36 Pursuant to the orders of Foster J of 25 June 2009 and, we infer, having regard to the content of Mr Blanksby's affidavits, Racing NSW amended the definition of Nominated Financial Documents to refer to one copy only of each of the relevant monthly journals, monthly reports, monthly management reports, board reports and annual reports and a set of reports not more than 100 in number typically representative of the ad hoc reports, market specific reports and reports requested by regulators from time to time and which cover the period from 1 July 2008 to the date of discovery. Betfair filed nothing in response to indicate that this amendment failed to address the issues of concern Mr Blanksby raised.
37 In these circumstances, we are satisfied that an order reflecting the amendments Racing NSW proposed would not be oppressive of Betfair. Further, although Racing NSW's proposal involves an element of selection in respect of the typically representative ad hoc reports, market specific reports and reports requested by regulators from time to time, and may lead to a further request for discovery in the future prompted by the documents discovered pursuant to our proposed order, the working out of any further discovery issue will be a matter for the primary judge.
38 Finally, we do not accept Betfair's submission that the issue of discovery of the documents within the proposed amended categories should be remitted to the primary judge. We had the benefit of detailed submissions on the categories in dispute, including the proposed amendment by Racing NSW to further ameliorate any hardship to Betfair by reason of the number of documents required to be discovered. In these circumstances we are satisfied that we should exercise our discretion to order discovery of the disputed categories of documents as amended as part of this appeal.
39 For these reasons we are satisfied that leave to appeal should be granted and the appeal allowed.
40 Our orders made on 18 August 2009 included the costs of the appeal but not the costs before the primary judge. Racing NSW submitted that it should have the benefit of an order that Betfair pay 50% of the costs below, recognising that Racing NSW did not contest the correctness of the primary judge's refusal to make orders for discovery of documents in categories 2-5, 6, 7, 18, 19, 25 and 26. As matters presently stand, we consider that Racing NSW's submission reasonably and fairly reflects the differing success of the parties and, accordingly, also propose to order that Betfair pay 50% of Racing NSW's costs below. Betfair may make a brief submission in writing within 14 days if it wishes to dispute this proposed order, failing which an order will be made in chambers as proposed. If Betfair does make such a submission, Racing NSW may make a brief submission in reply within a further seven days.

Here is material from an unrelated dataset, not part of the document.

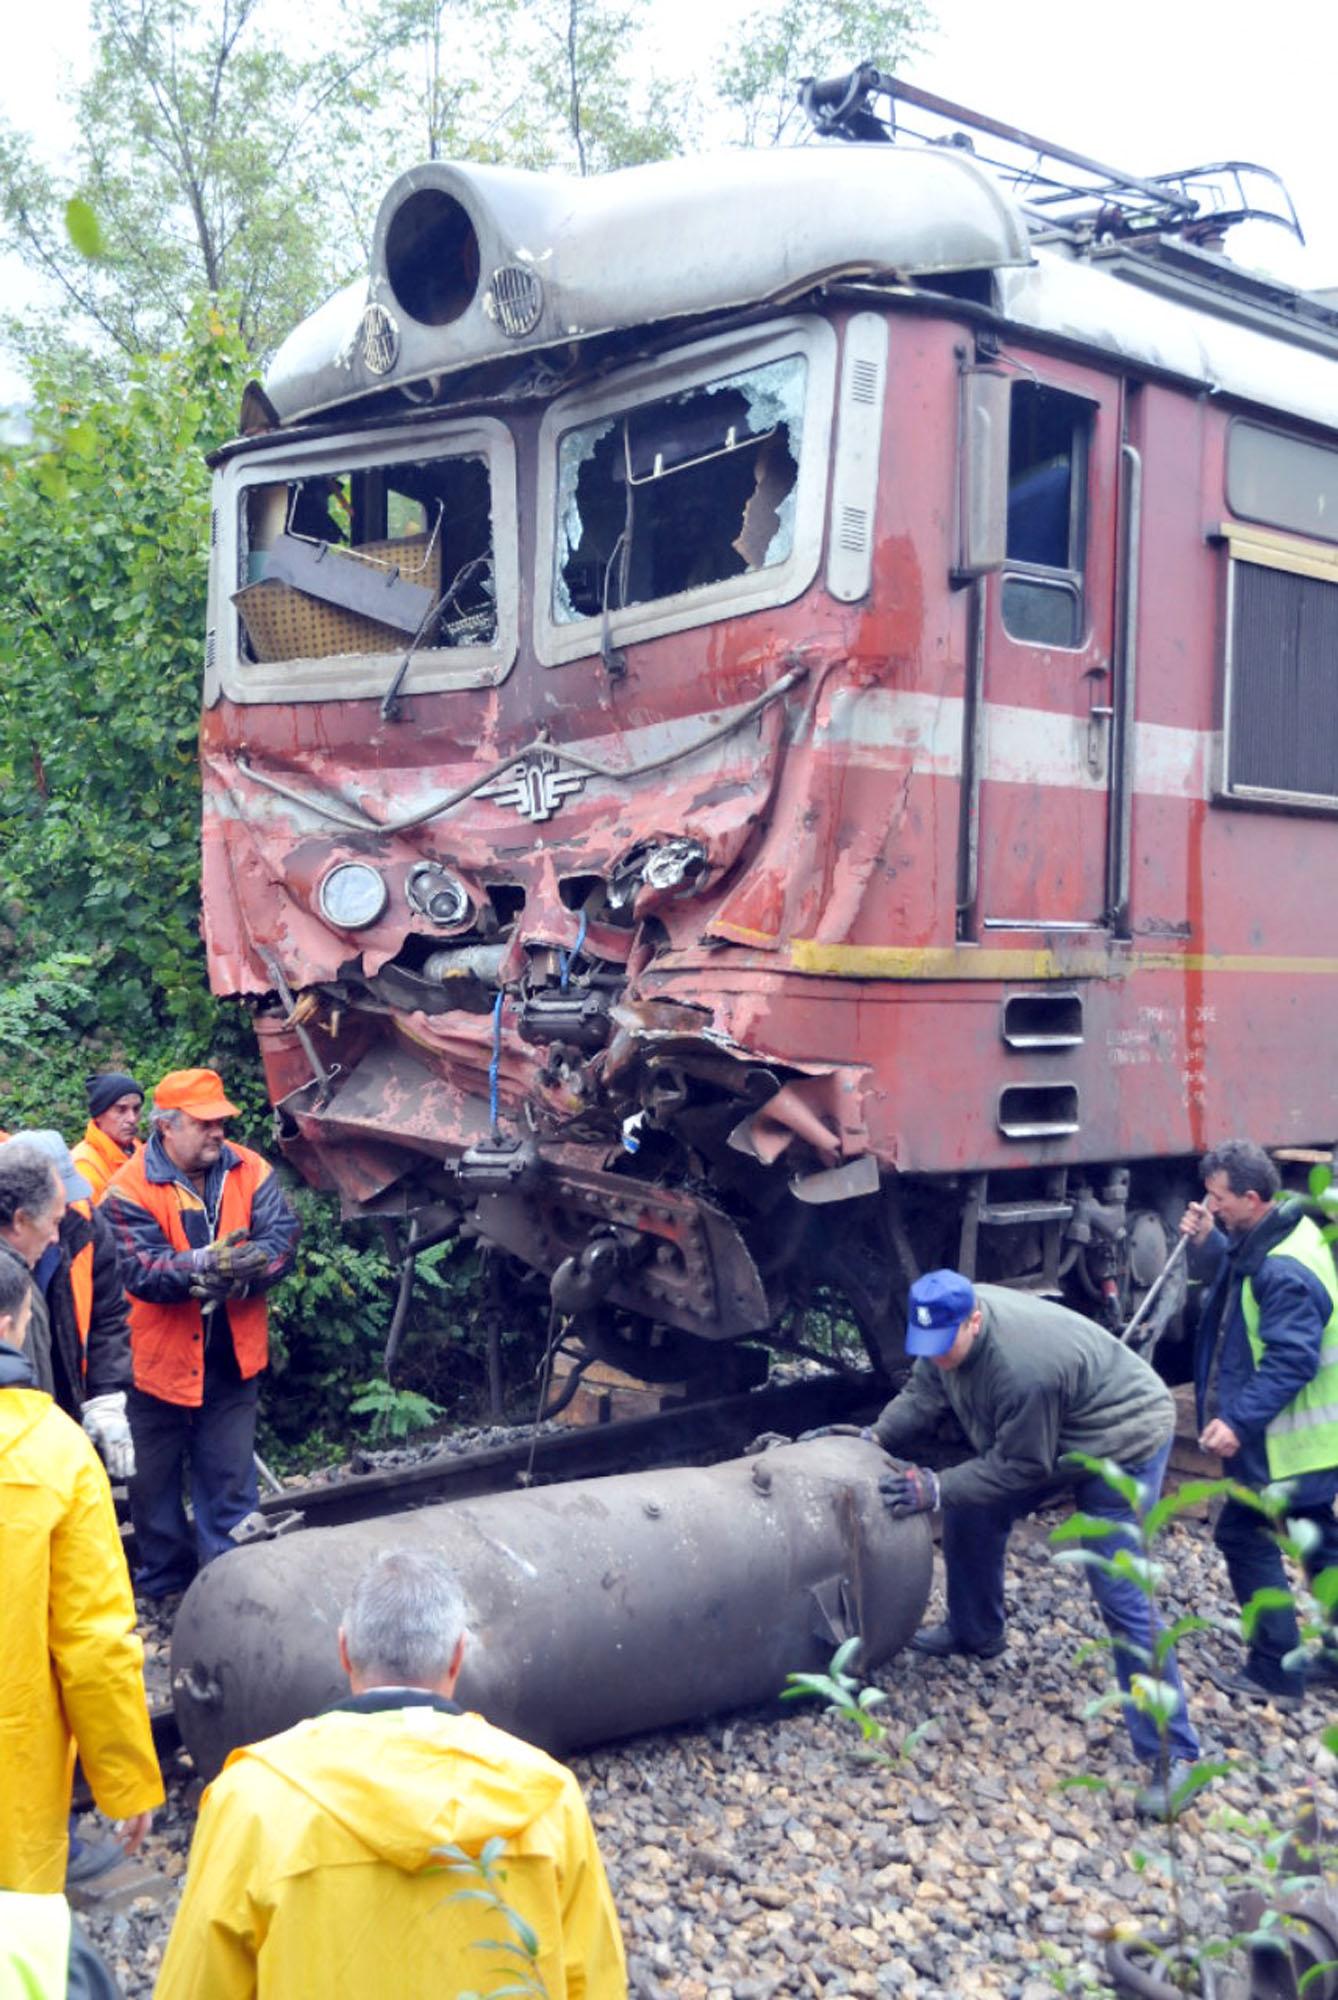 Ръководители движение виновни за влаковата катастрофа

41 It is also appropriate that we note that, before the publication of these reasons, the issue of discovery was again referred to a Full Court on 25 August 2009 (constituted by Jacobson, Jagot and Foster JJ) by reason of Betfair's application to the primary judge for an extension of the period of 14 days for the discovery to be completed in Order 4 and Racing NSW's submission to the primary judge that only the Full Court had power to vary its own order. The Full Court varied the orders made on 18 August 2009, granting the extension sought by Betfair.
I certify that the preceding forty-one (41) numbered paragraphs are a true copy of the Reasons for Judgment herein of the Honourable Justices Buchanan, Jagot and Foster.